To understand the selloff, you first need to understand the bet.

In January 2026, Burry publicly disclosed he had been buying GameStop shares, calling it a long-term value play.

His thesis, which he dubbed the “Instant Berkshire” idea, was simple on the surface. He believed GameStop CEO Ryan Cohen could use the company’s massive cash pile to acquire real, growing businesses and transform GameStop into something resembling Berkshire Hathaway (BRK.A) (BRK.B) the holding company run by Warren Buffett.

“I believe in Ryan, I like the setup, the governance, the strategy as I see it,” Burry wrote at the time.

It was not a bet on meme stock speculation. Burry made it clear that he was betting on Cohen’s capital allocation instincts.

GameStop had earned that credibility.

  • Under Cohen’s leadership since January 2021, the company swung from a $381 million net loss to $418 million in net income as of fiscal 2025.
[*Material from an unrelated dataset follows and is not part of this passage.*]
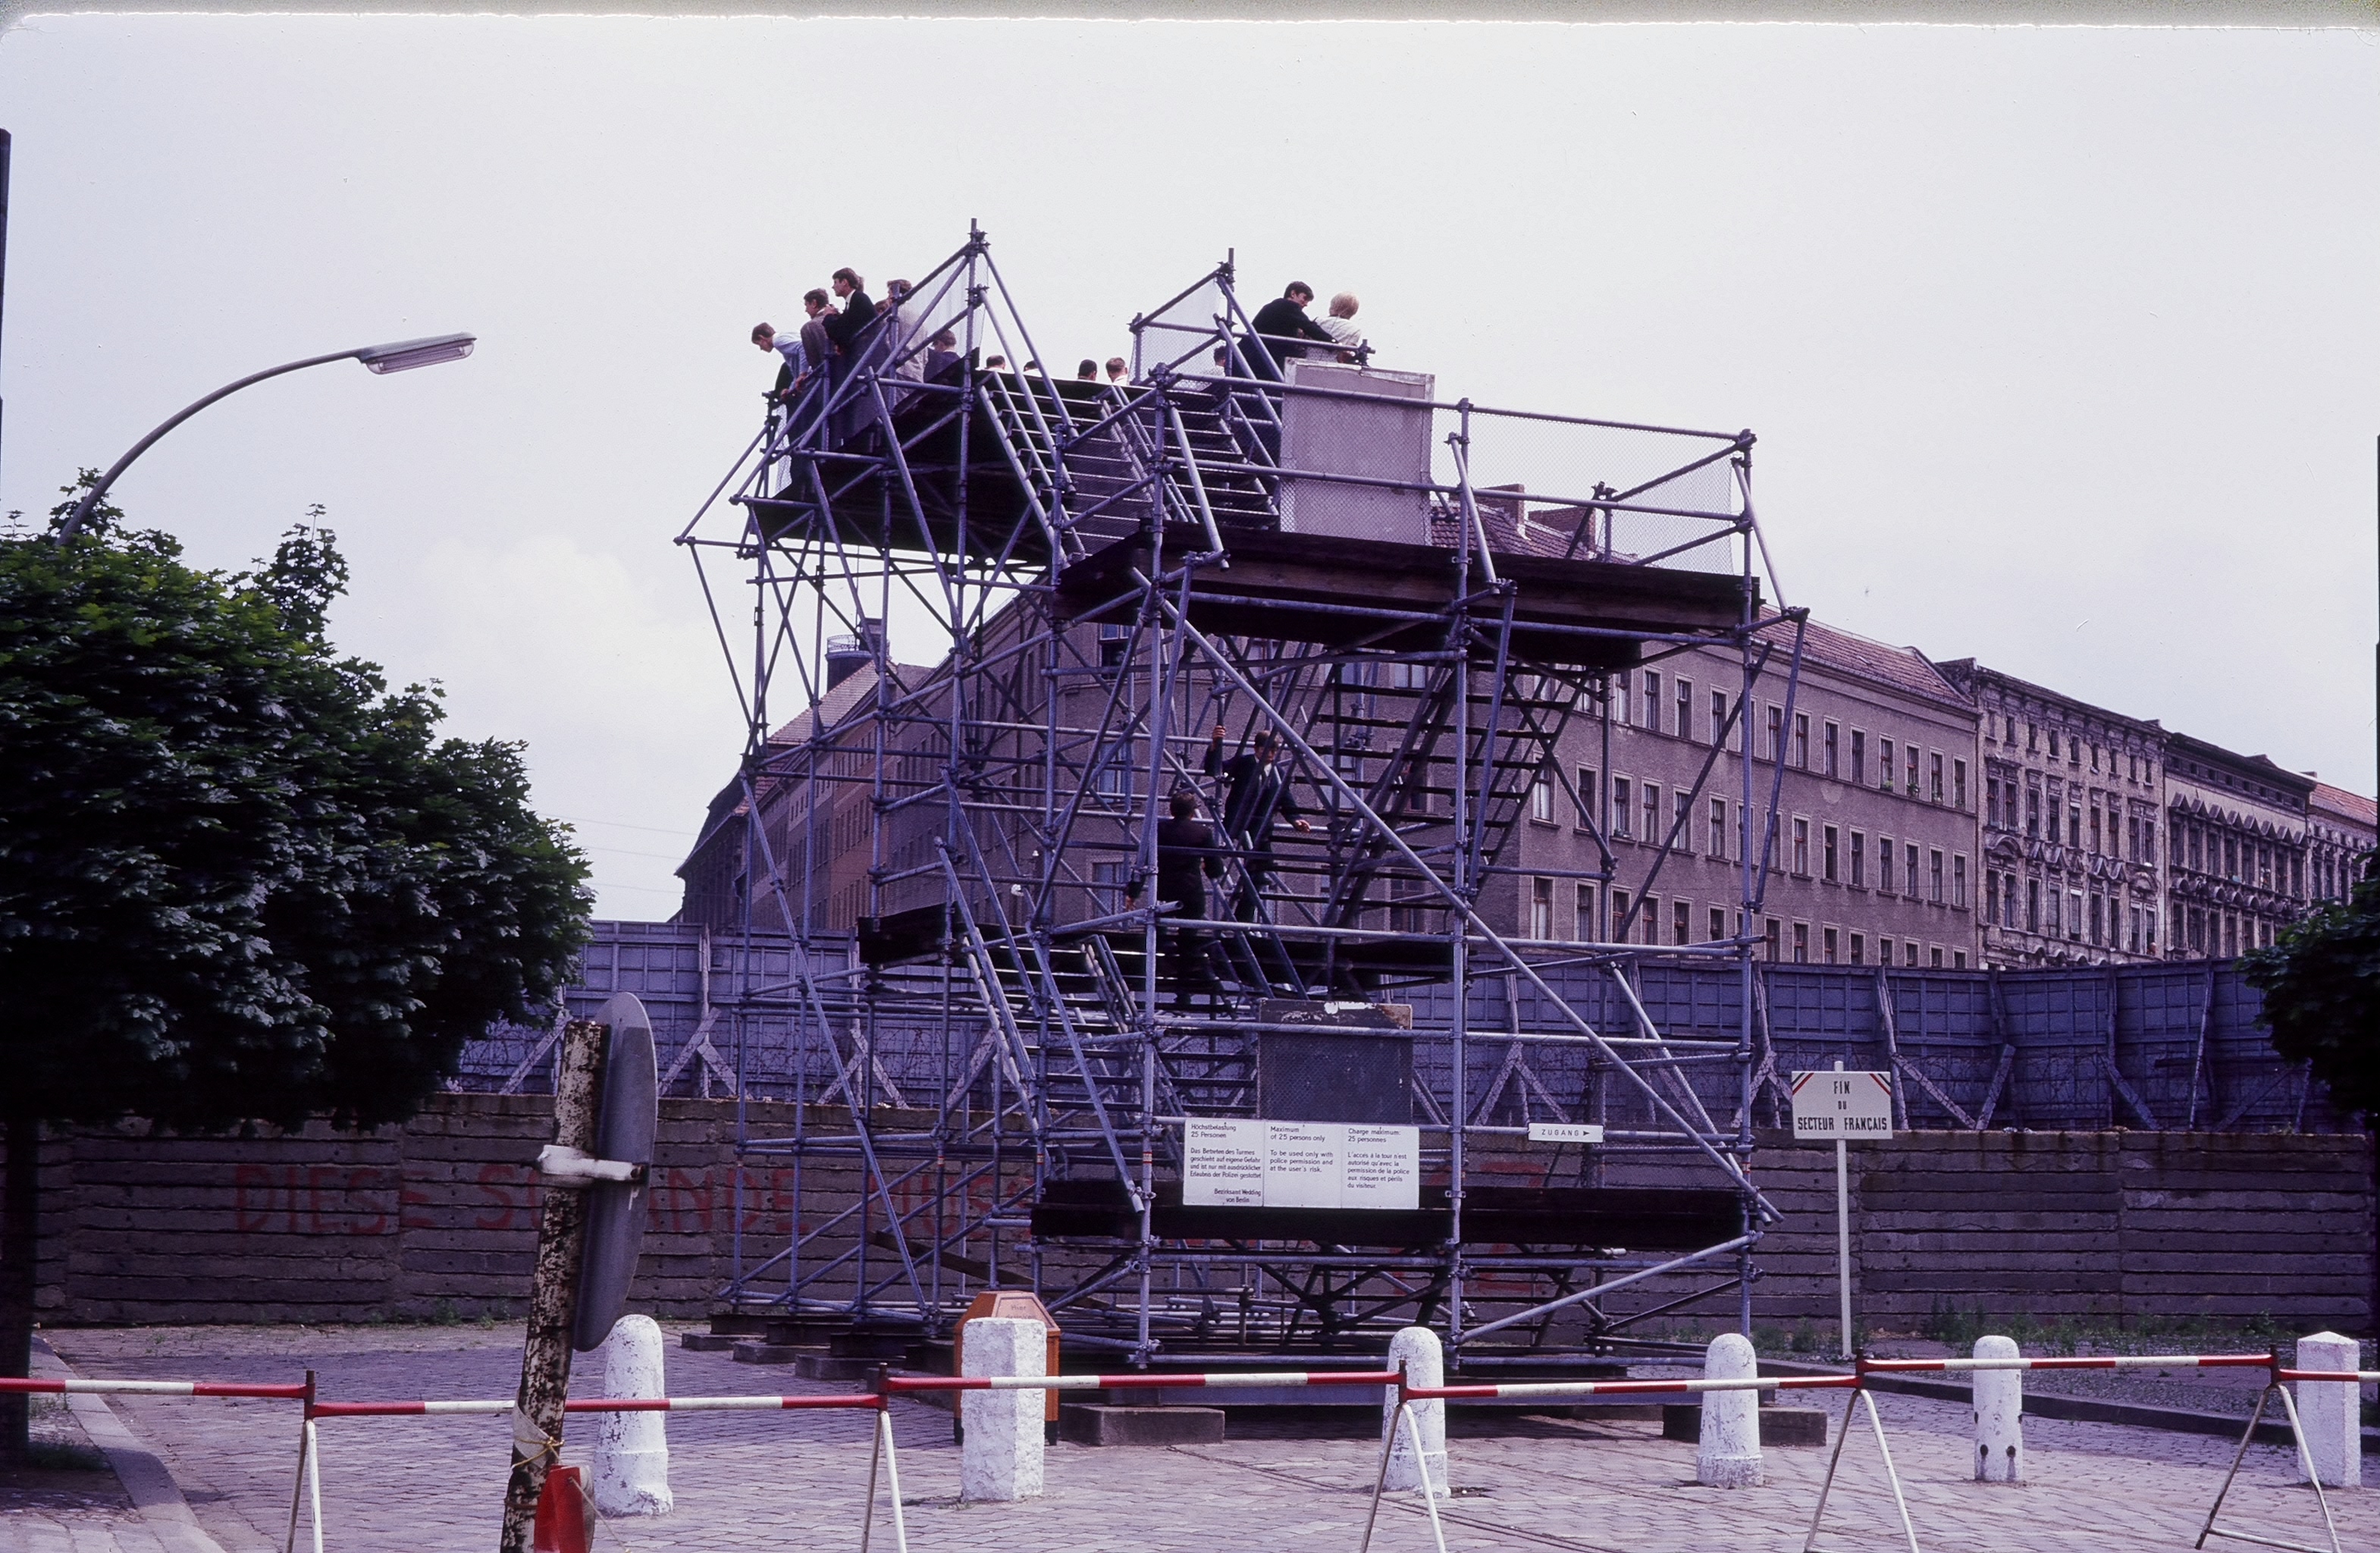 Die Grenze in Berlin 1966

  • Selling, general, and administrative expenses fell by roughly $800 million, or 47%, over the same period.

  • The company also raised $4.2 billion in long-term debt at a 0% coupon rate, an almost unheard-of borrowing cost, leaving it with roughly $9.4 billion in cash as of January 2026.

Cohen’s compensation structure reinforced that confidence. He takes no salary, no cash bonuses, and no guaranteed stock. His entire pay package is performance-based, tied to hitting $100 billion in market capitalization and $10 billion in cumulative EBITDA (earnings before interest, taxes, depreciation, and amortization).